Morris Murdock Travel is a travel agency headquartered in Salt Lake City, Utah, United States, with 6 additional offices in Utah (Bountiful, Draper, Ogden, Orem and St. George) and Montana (Billings) and home-based agents located throughout Utah, Idaho and Montana. The agency primarily facilitates cruises, escorted tours, group travel, airfare, hotel accommodations, car rentals, full vacation packages, honeymoon/anniversary travel, luxury travel, and incentive travel programs.

History

Morris Murdock Travel began in 1958 when the Church of Jesus Christ of Latter-day Saints (LDS Church) approached Franklin Murdock about starting an agency to handle the travel needs of its employees and missionaries.

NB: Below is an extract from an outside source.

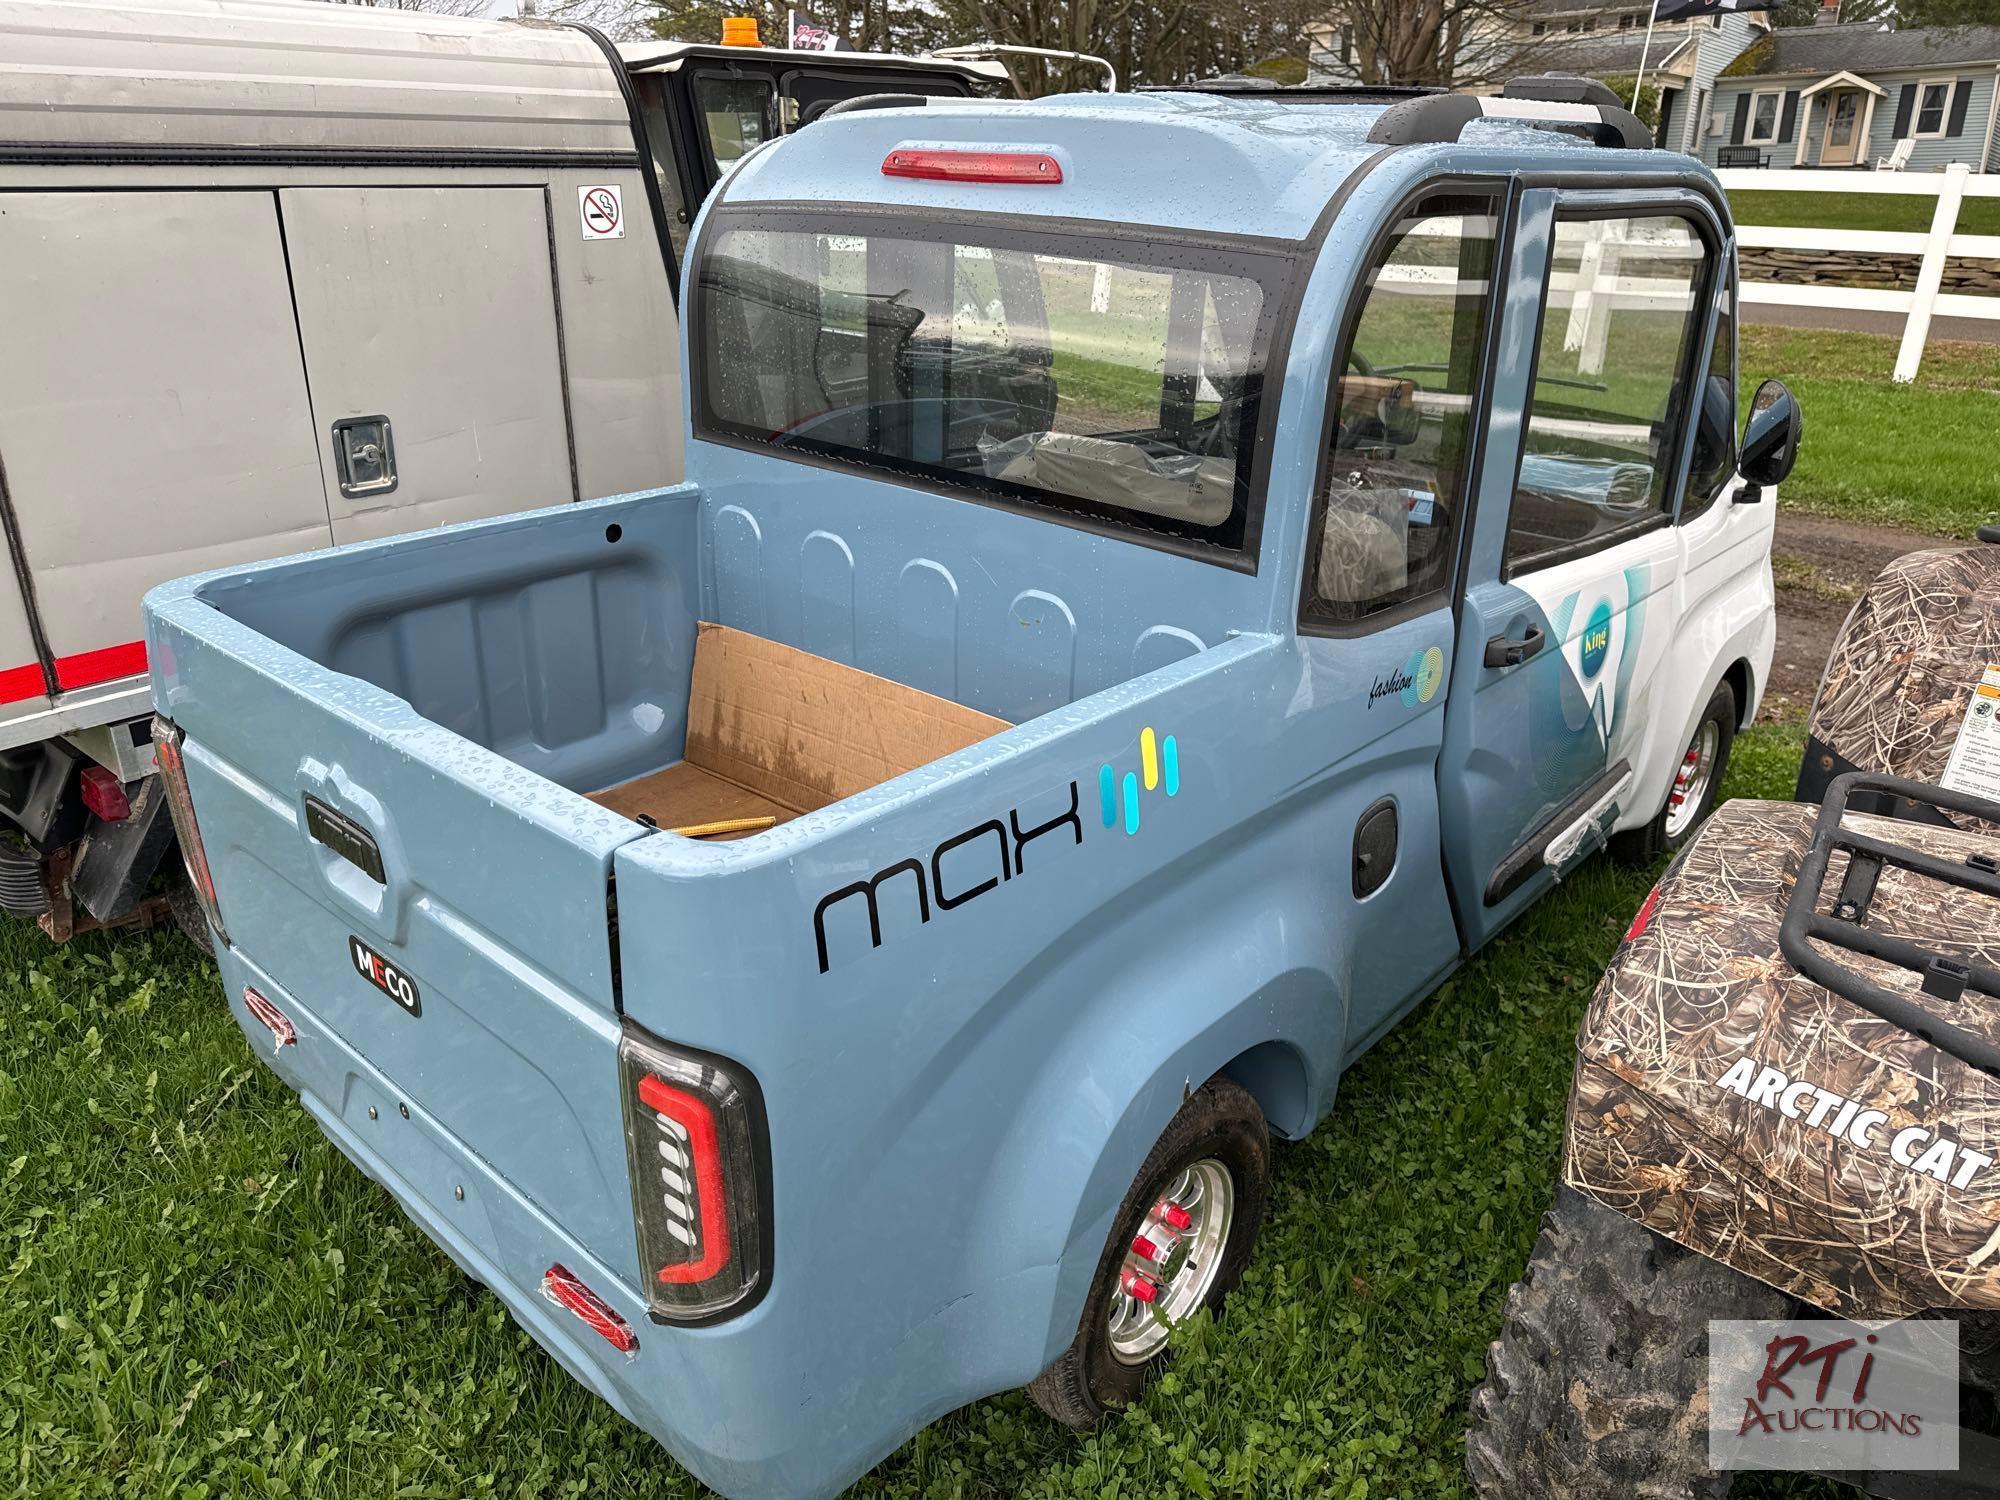 Miko T4 fashion vehicle, 4 passenger, electric, no title

The modern Morris Murdock Travel is the result of combining multiple other travel companies, including the 1996 merger of Morris Travel and Beehive Tours and Travel  and the 2000 merger of Morris Travel and Murdock Travel, among others. The company also developed from several acquisitions including Seattle's Diamond Travel in 1995, Corporate Travel Services in 1996, and Utah's LDS Travel Study, a provider of LDS faith-based travel, in November 2008. In addition, Morris Travel started Morris Air in 1984, which chartered flights to Hawaii and Mexico from Utah. Due to its growth, Morris Air was sold to Southwest Airlines in 1995. Morris Murdock sold its business travel division to Hess Travel in January 2009 in order to better serve its corporate clients.

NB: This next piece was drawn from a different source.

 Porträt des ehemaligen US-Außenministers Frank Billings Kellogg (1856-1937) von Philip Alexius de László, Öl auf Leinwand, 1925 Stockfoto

In 1997, ownership of Morris Travel and Murdock Travel (which stood as two separate companies) belonged to Yamagata Enterprises and the officers of the company, respectively. In 2004, Crestwood Communications, LLC (a subsidiary of Simmons Media Group), took full control of the then-merged Morris Murdock Travel.

As the oldest and largest privately owned leisure travel agency in Utah and the Intermountain region of the United States, Morris Murdock became an associate of CWT in 2002 and joined the American Express U.S. Representative Travel Network in July 2007. In the first quarter of 2010, Morris Murdock Travel left American Express and joined the Signature Travel Network, an international network of 190 agencies that generates $4 billion in annual travel sales.

Due to the nature of the travel industry's relation to the overall health of local economies, Morris Murdock has undergone several changes to survive first the economic downturns that began in 2007 with the outbreak of the H1N1 Swine Influenza followed by the economic recession of the late 2000s. These changes include closing the company's Helena, Orem, Pocatello and Idaho Falls offices and a reduction in workforce at the company's remaining locations. Morris Murdock reopened their Orem, Utah location in April 2010.

Company Divisions

 Morris Murdock Escorted Tours (MMET) is the "group travel" department of Morris Murdock Travel which specializes in hosted vacation tours and cruises to destinations using experienced guides and directors. Formed as a separate company in 1958, MMET was the first tour operator to offer Latter-day Saint (Mormon) faith-based and Church History escorted tours. 
 Morris Meetings and Incentives' (MMI) was originally started in 1996 as a group leisure branch of Morris Murdock Travel and was formed into a separate company in 1998. The company focuses on specialized programs for incentive groups, meetings, conference and executive retreats. 
 Black Pearl Luxury Services is a division of Morris Murdock that focuses on luxury, exotic, F.I.T. (Foreign Independent Travel) and higher-end travel. 
 LDS Travel Study (LDSTS) is a sub-company of Morris Murdock Travel that focuses on escorted tours for members of the Latter-day Saint (Mormon) faith. Founded after Brigham Young University closed down their travel department, Morris Murdock purchased LDS Travel Study in November 2008 for an undisclosed amount. A lawsuit between Morris Murdock Travel and former LDS Travel Study owner Doug Wren regarding un-forwarded customer deposits and quarterly revenue percentages was filed in August 2009.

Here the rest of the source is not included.